Set the environment variables for the providers you want, then call refresh():

import { SpeechProviderResolver } from '@agentos/agentos/speech';

const resolver = new SpeechProviderResolver();
await resolver.refresh();

const stt = resolver.resolveSTT(); // best configured STT provider
const tts = resolver.resolveTTS(); // best configured TTS provider
const vad = resolver.resolveVAD(); // always returns AgentOS Adaptive VAD
const wakeWord = resolver.resolveWakeWord(); // null if none configured

Providers are detected automatically — no explicit registration required for core providers.

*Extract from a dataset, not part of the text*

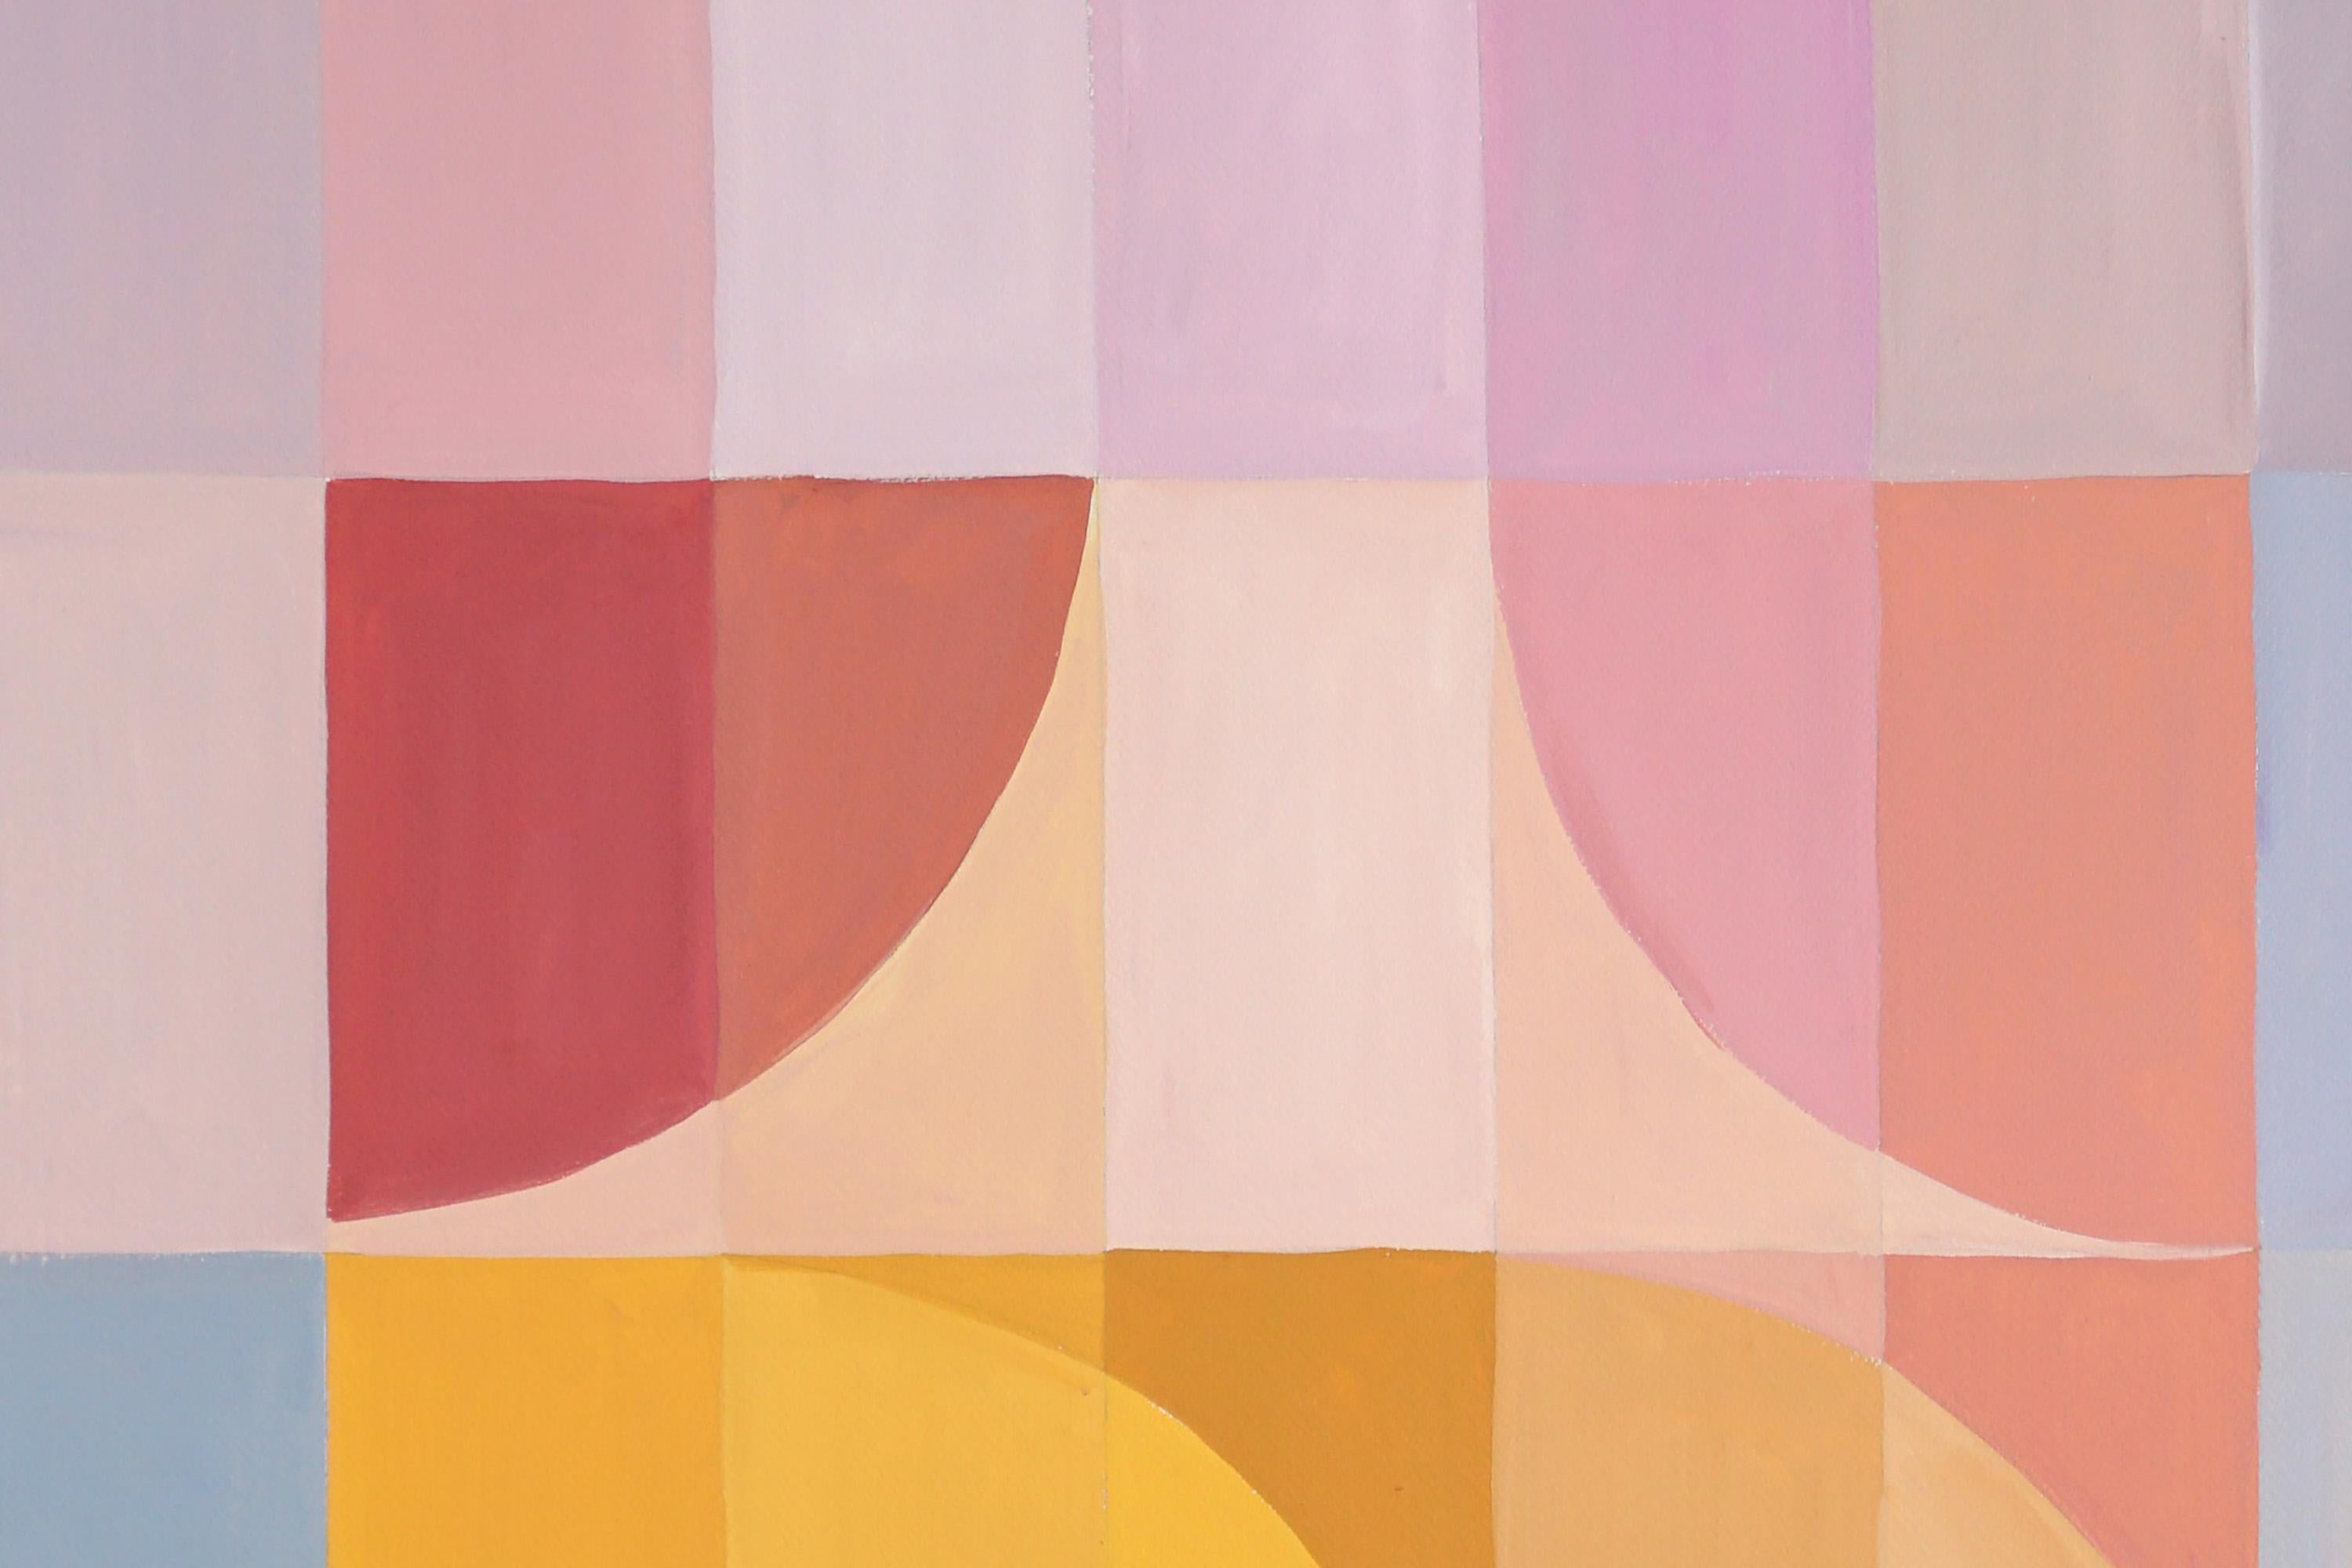 Abstract Body Through Window, Bauhaus Pattern Grid, Sandy Tones, Pale Pink   2

Configuration via agent.config.json

Add a speech section to your agent configuration to control provider preference order and fallback behavior:

{
"speech": {
"stt": {
"preferred": ["assemblyai", "deepgram-batch", "openai-whisper"],
"fallback": true
},
"tts": {
"preferred": ["elevenlabs", "openai-tts"],
"fallback": true
}
}
}

Fields

FieldTypeDescription
stt.preferredstring[]Provider ids in priority order. Overrides the default catalog priority.
stt.fallbackbooleanWhen true, wraps multiple candidates in a FallbackSTTProxy.
tts.preferredstring[]Provider ids in priority order for TTS.
tts.fallbackbooleanWhen true, wraps multiple candidates in a FallbackTTSProxy.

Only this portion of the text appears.